Task details: Output, exactly as written, the lines below from the one that has "Construction Objects Flat Icons Set - 11 EPS" through the one that has "Male architect inspecting"; nothing else, and no pictures.

Extracted information:
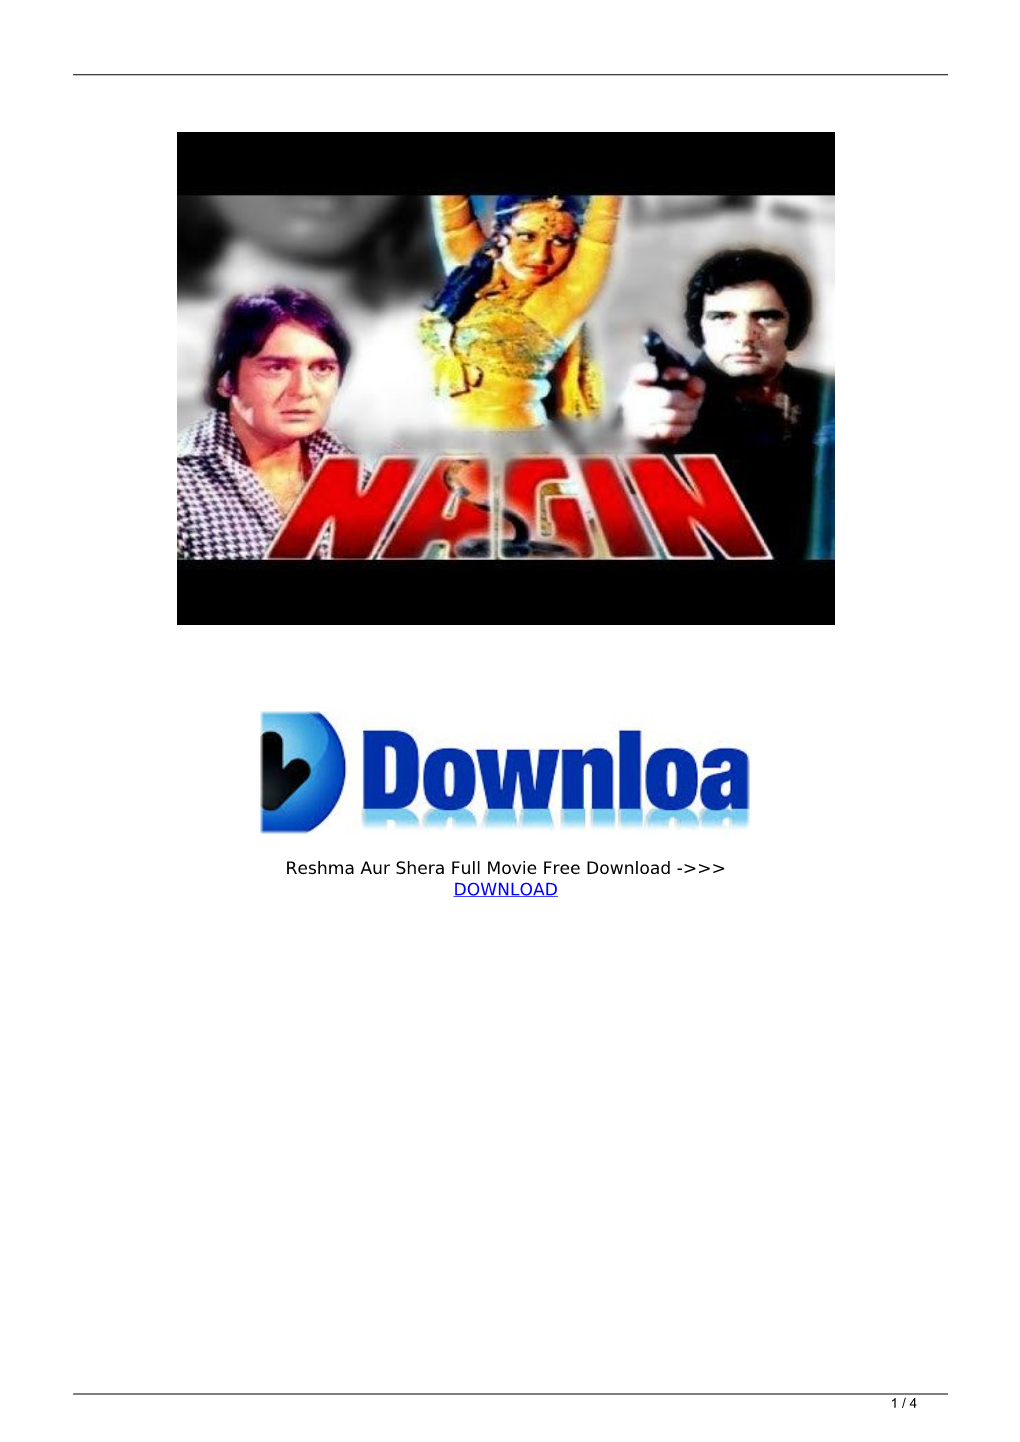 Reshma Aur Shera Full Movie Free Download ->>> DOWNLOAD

* * *

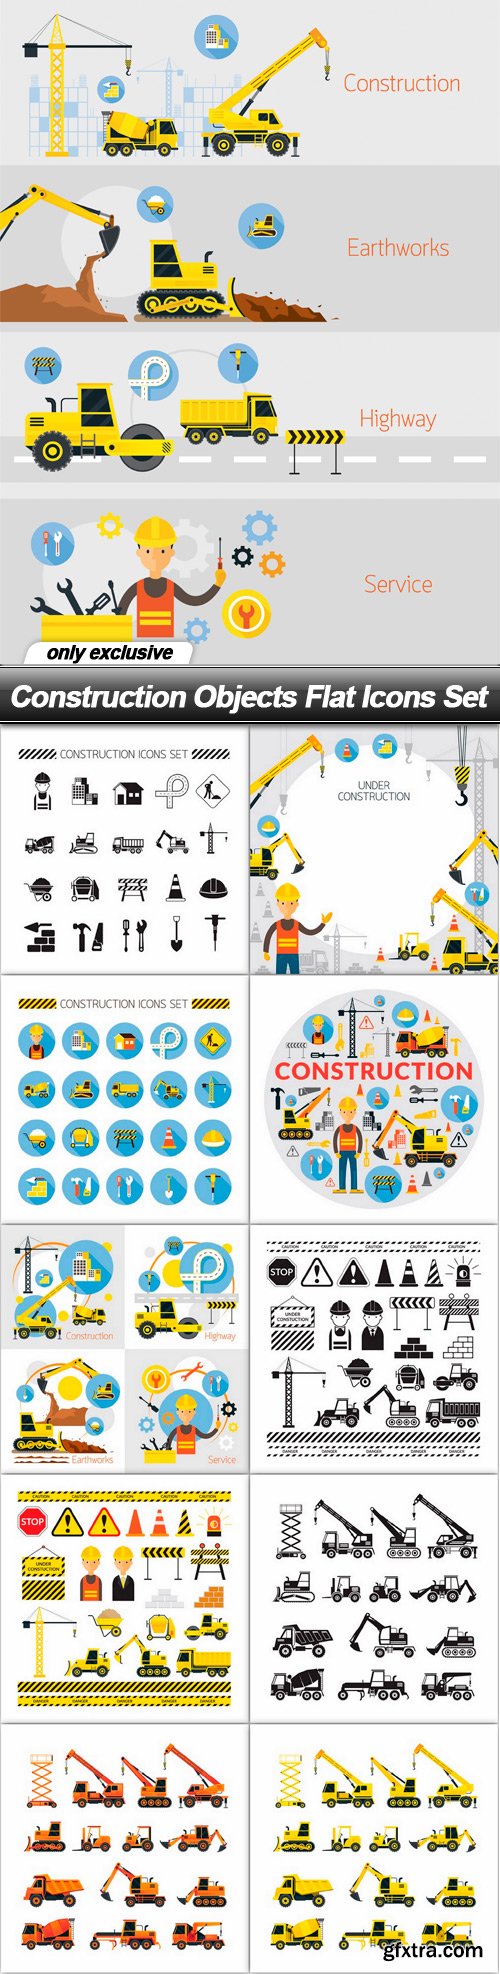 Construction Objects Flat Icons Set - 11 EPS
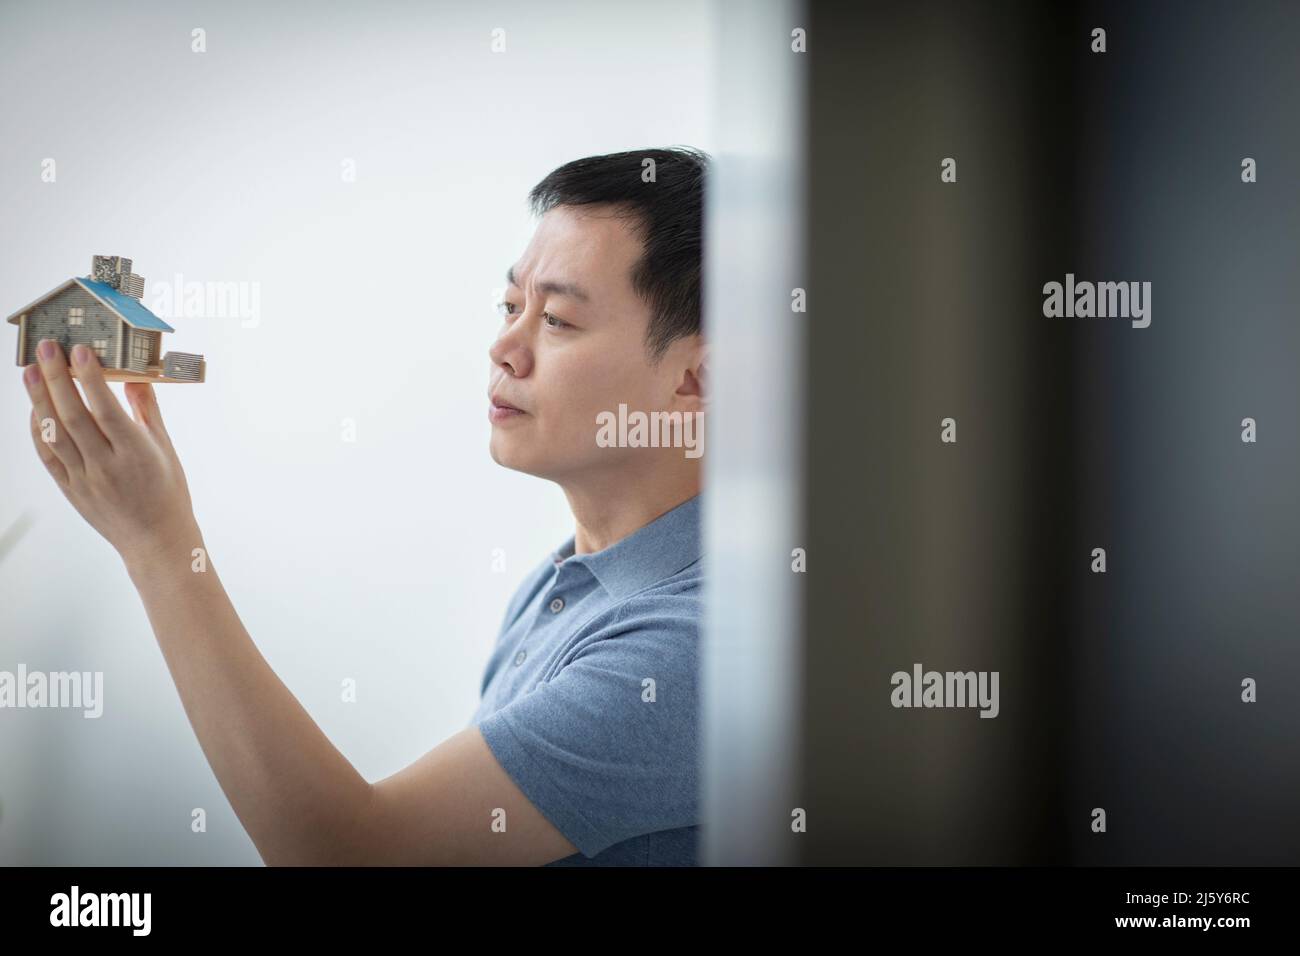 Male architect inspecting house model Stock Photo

Final answer:
 Construction Objects Flat Icons Set - 11 EPS
 Male architect inspecting house model Stock Photo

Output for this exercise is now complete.